Cet effort financier public s’est accompagné d’une frénésie de réformes : développement des moyens de l’Agence nationale de la recherche (ANR) qui finance des projets pour trois à quatre ans ; évaluation de tous les laboratoires publics par une unique Agence de l’évaluation de la recherche et de l’enseignement supérieur (Aeres) ; financement par le grand emprunt – au sein duquel le ministère de la recherche et de l’enseignement supérieur est parvenu de chaude lutte à capter 21 des 35 milliards d’euros levés –, création d’Initiatives d’excellence (Idex) regroupant en quelques grands pôles de visibilité mondiale universités et laboratoires de recherche public.
Durant cinq ans, les chercheurs ont vécu dans un tourbillon permanent qui a accaparé les énergies, modifié en profondeur le paysage de la recherche française... et suscité inquiétudes et déception. Témoin, l’adresse de la C3N, instance qui regroupe les dirigeants des différents comités scientifiques du CNRS, aux candidats à l’élection présidentielle adoptée lors de sa dernière réunion du 28 février : « La réforme de la recherche et de l’enseignement supérieur n’est pas une réussite. Au lieu de promouvoir “la lisibilité et la visibilité” et de favoriser l’innovation et les partenariats, ces réformes n’ont fait qu’accroître la complexité, le conformisme et la compétition stérile. »
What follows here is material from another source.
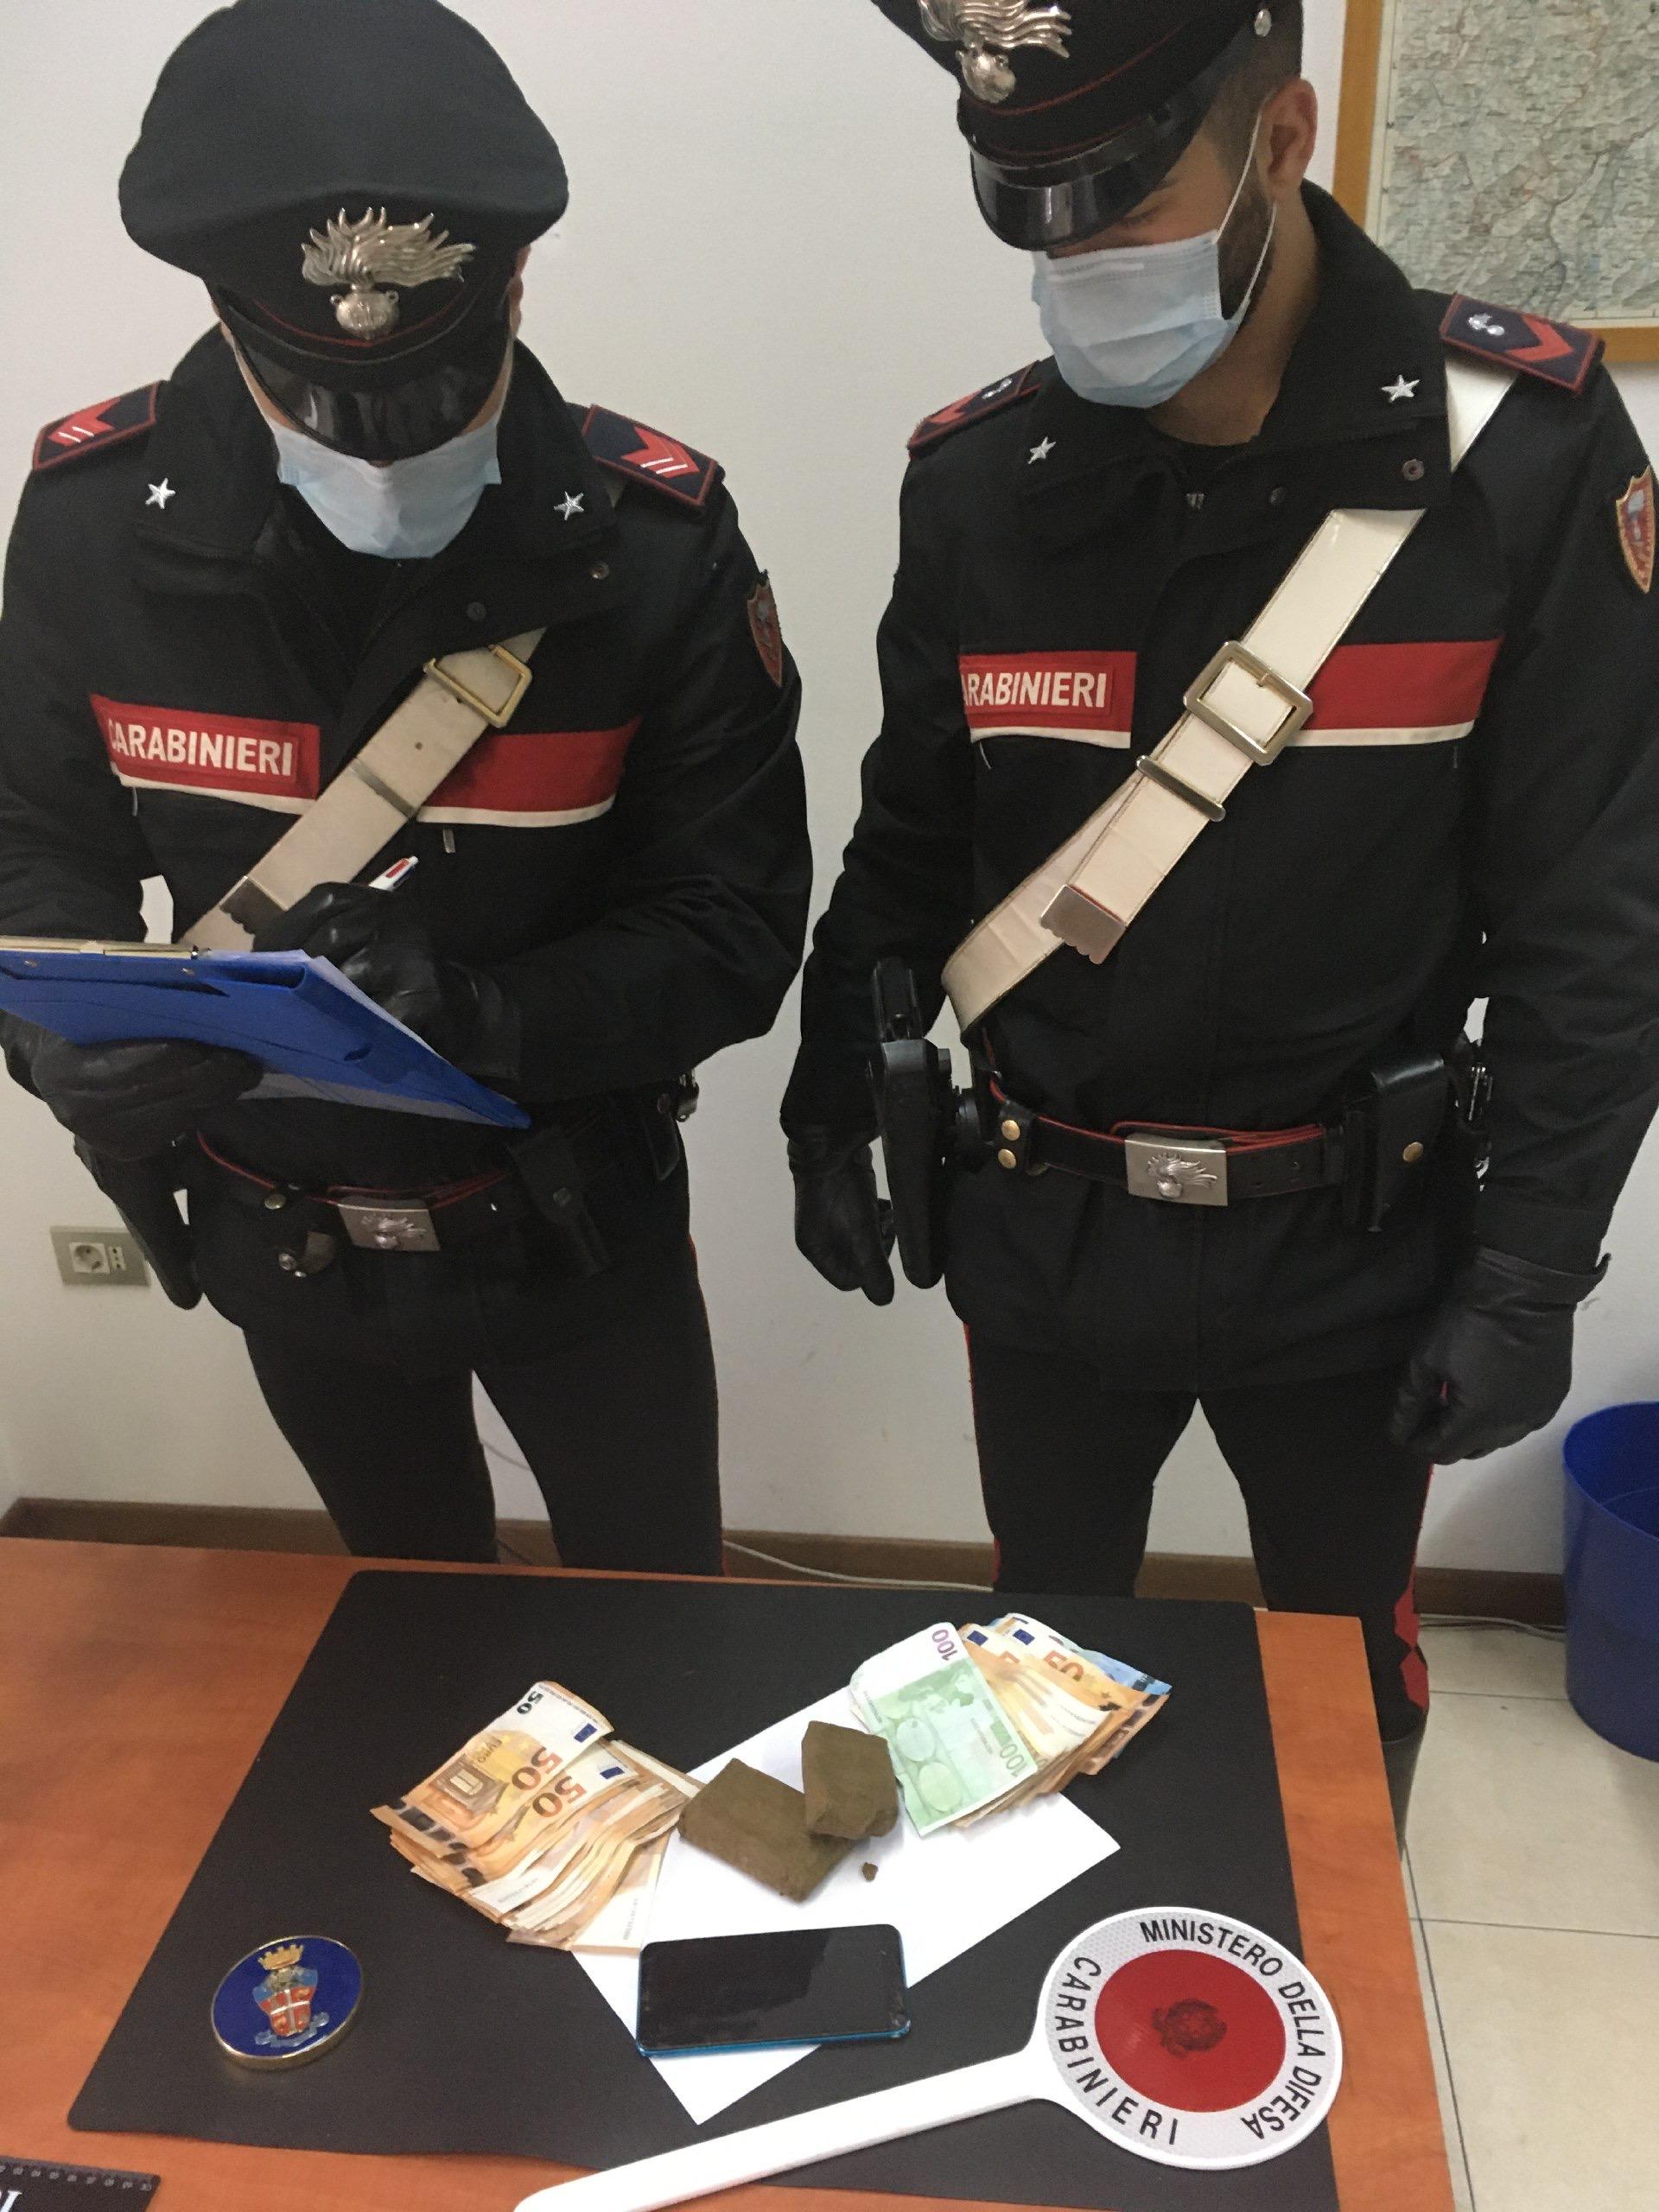 In possesso di 190 grammi di hashish e 3.150 euro in contanti: arrestato per spaccio un 45enne marocchino

Cet intérêt, nouveau, de la droite pour la politique scientifique remonte à 2003, et au grand mouvement de protestation animé par Sauvons la recherche contre l’asphyxie financière des laboratoires. En octobre 2004, après avoir arraché des créations de postes et un engagement budgétaire pluriannuel, Sauvons la recherche organise à Grenoble des états généraux de la recherche et de l’enseignement supérieur, qui adoptent un vaste programme de réformes faisant consensus au sein de la communauté scientifique.
Un certain François Fillon, qui en tant que ministre de l’éducation chapeaute alors la recherche, vient s’exprimer devant ses états généraux et affirme en approuver les conclusions. Mais il déclare aussi : « Les pays où la recherche est la plus performante sont aussi les pays où l’Etat joue un rôle essentiel d’impulsion et d’orientation. En France pas moins qu’ailleurs, la nation doit fixer des priorités claires et légitimes à la recherche, pour répondre à la demande de savoir, à la demande sociale, à la demande économique et plus généralement pour tenir notre rang. » Une recherche pilotée par l’Etat au service de la demande sociale et surtout économique : c’est bien sur cette idée que s’est cristallisé le désaccord entre la droite et les chercheurs, pour aboutir au divorce actuel.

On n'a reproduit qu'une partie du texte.